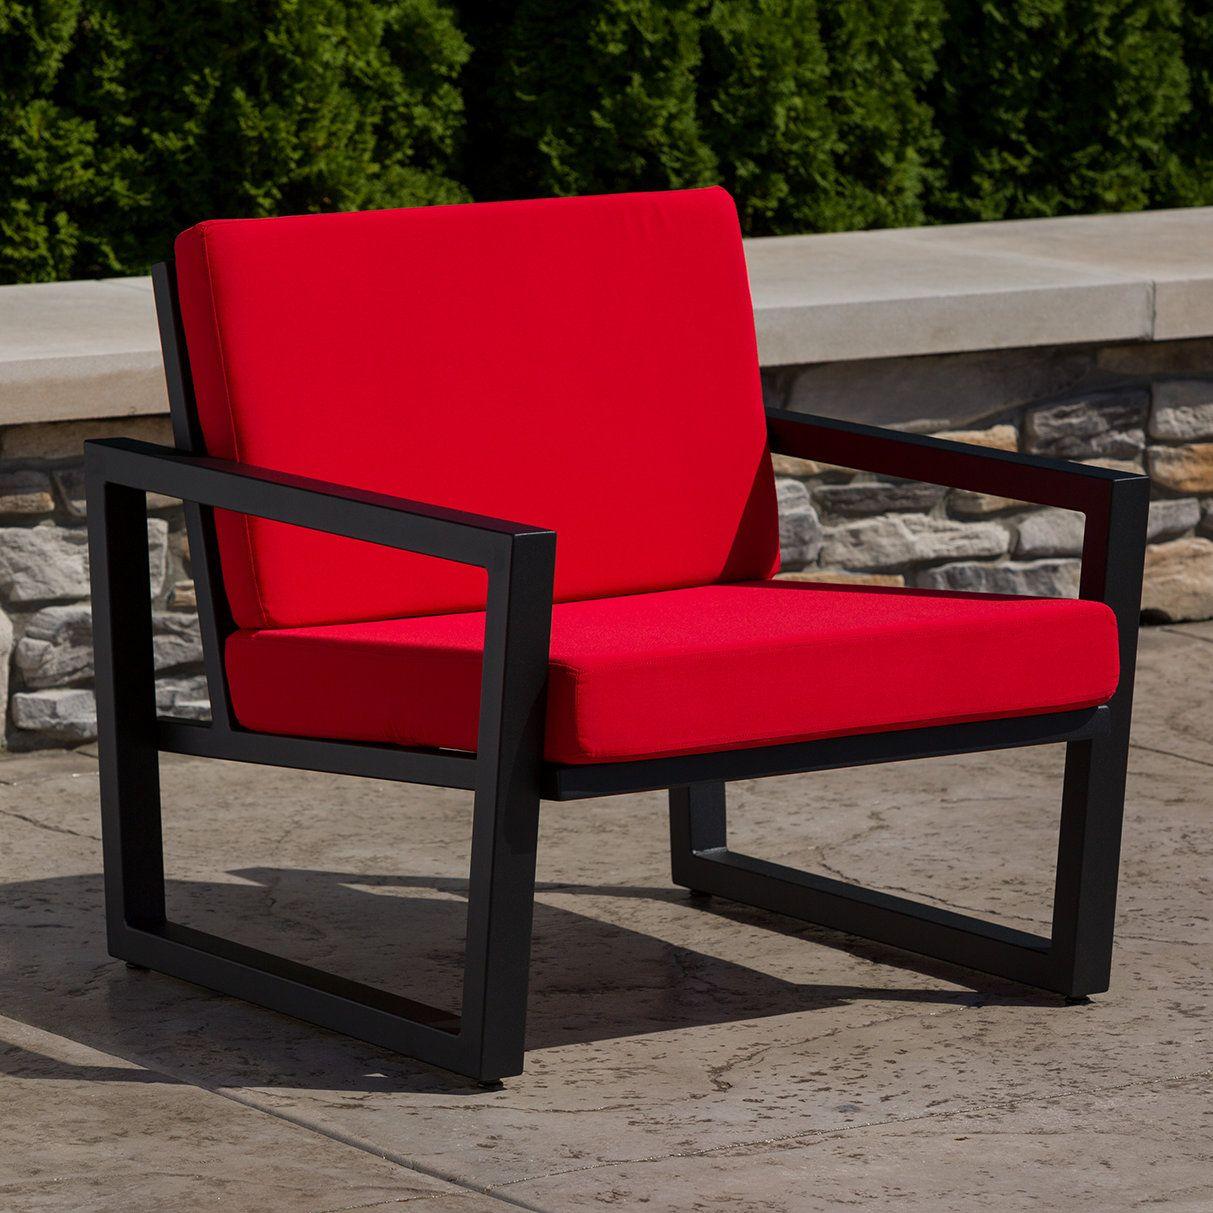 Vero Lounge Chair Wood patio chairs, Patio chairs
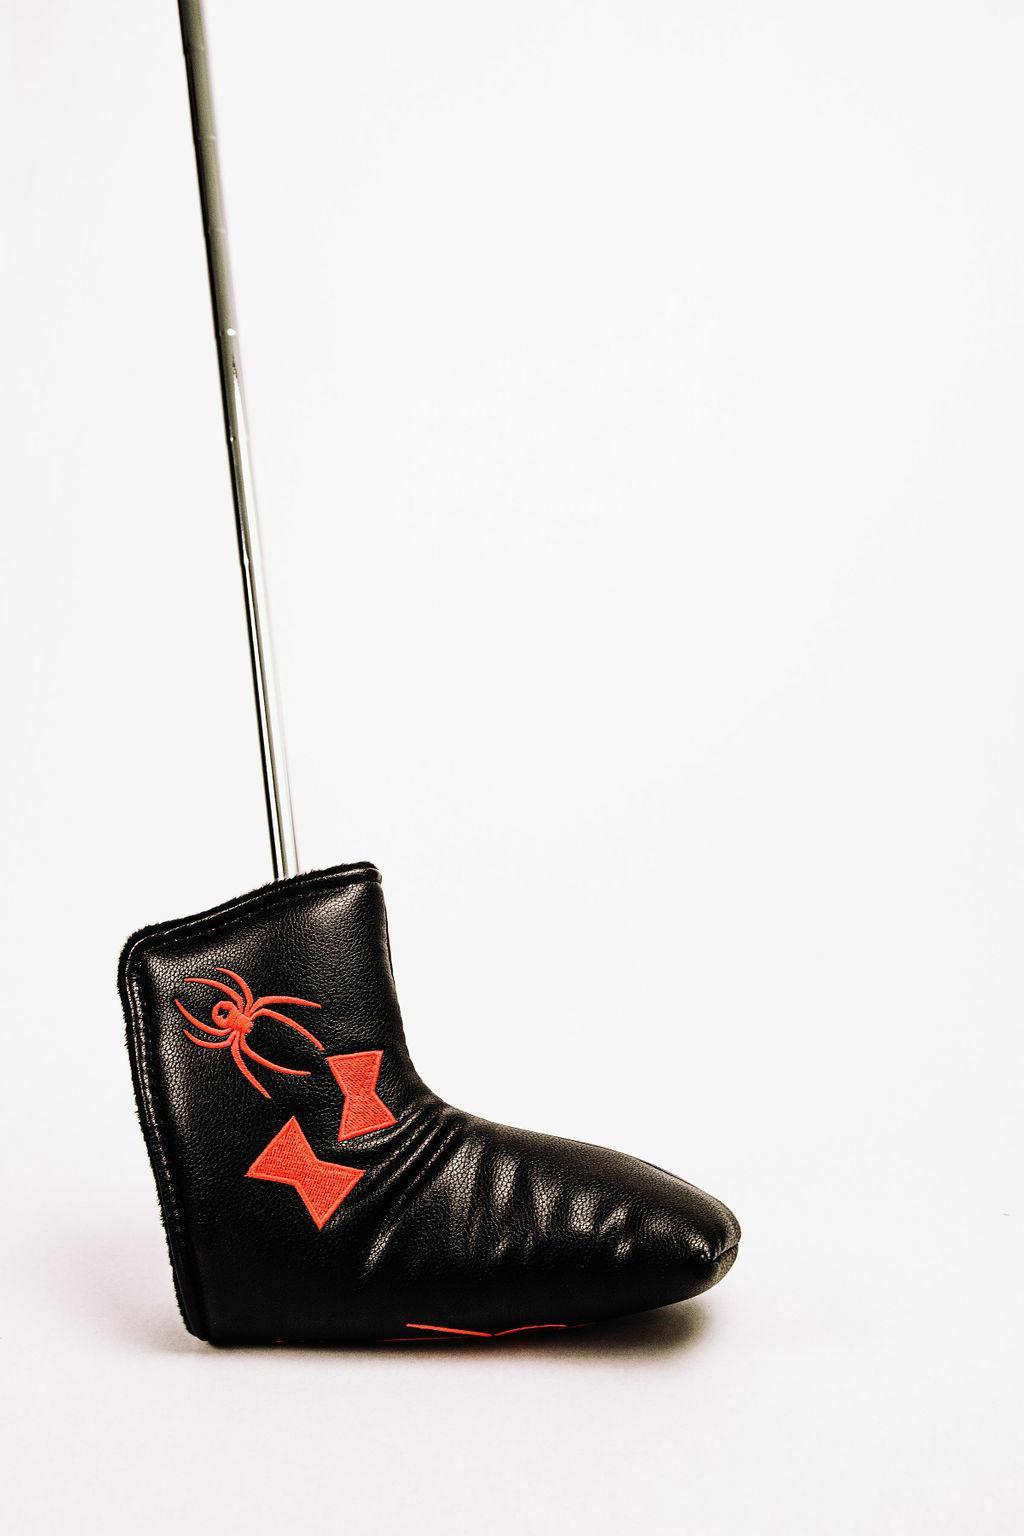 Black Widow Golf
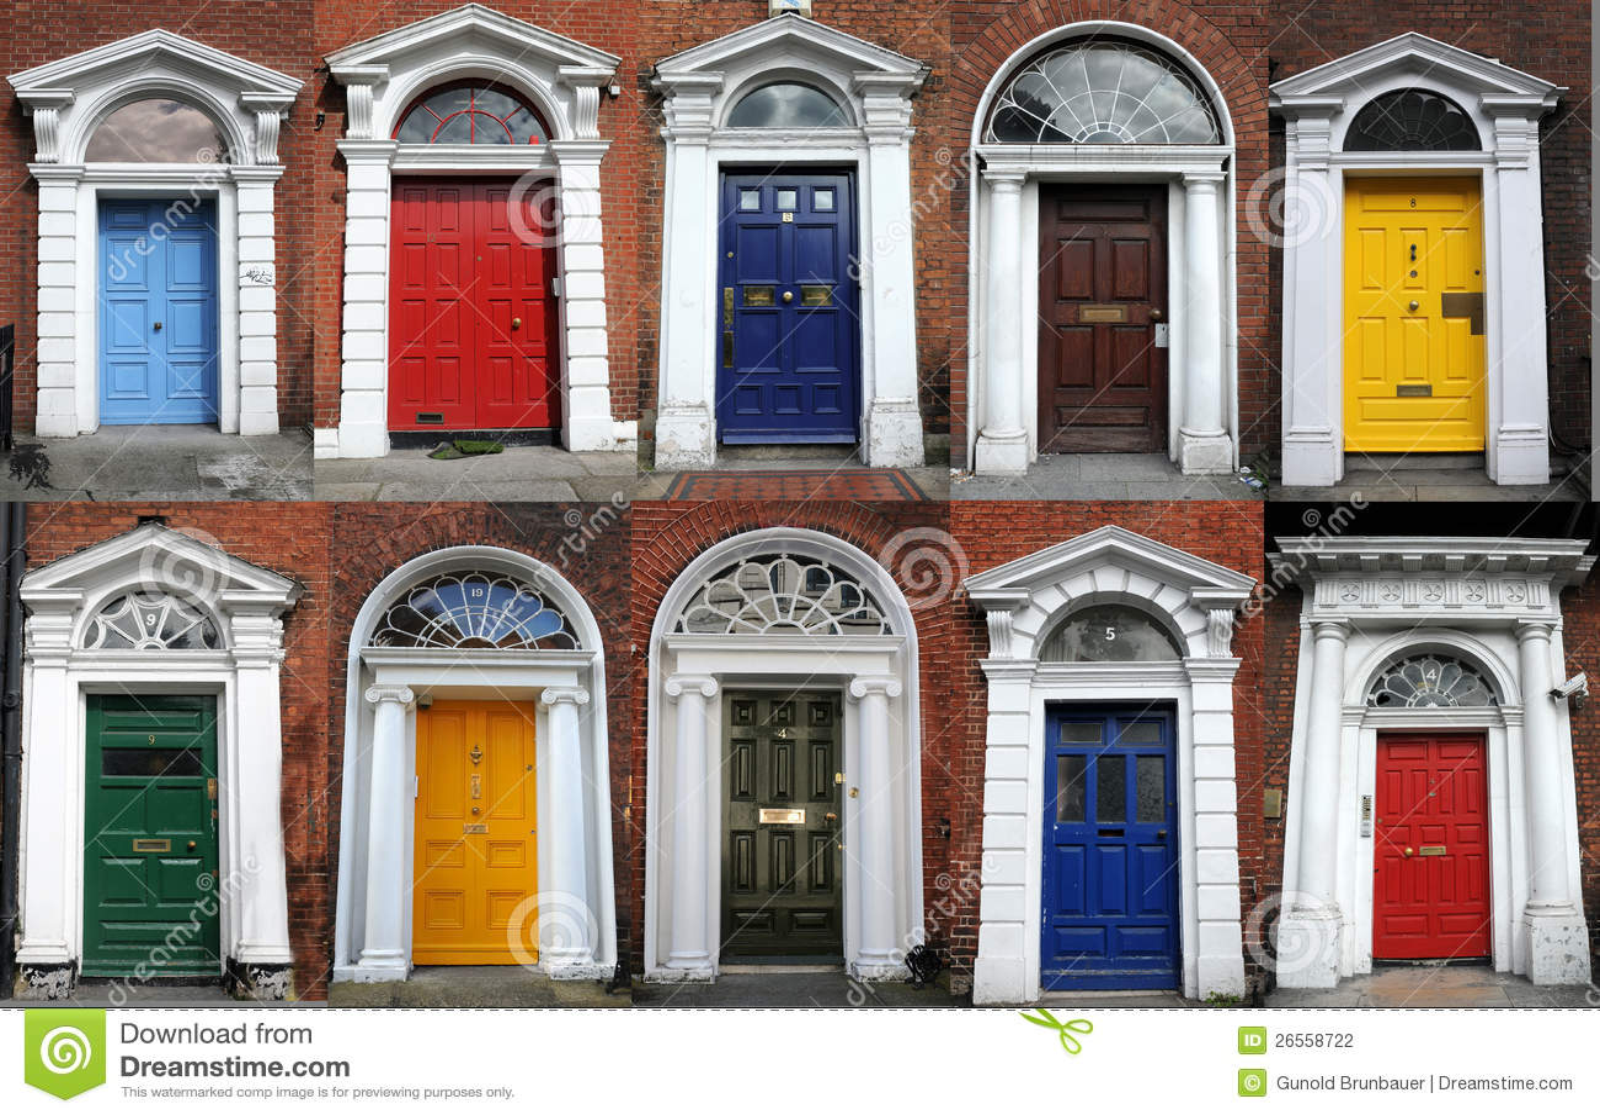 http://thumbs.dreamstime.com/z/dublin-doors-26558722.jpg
▬▬▬
## Activity
Every line above must be printed again exactly, pictures excluded.

## Reply to the task
 Vero Lounge Chair Wood patio chairs, Patio chairs
 Black Widow Golf
 http://thumbs.dreamstime.com/z/dublin-doors-26558722.jpg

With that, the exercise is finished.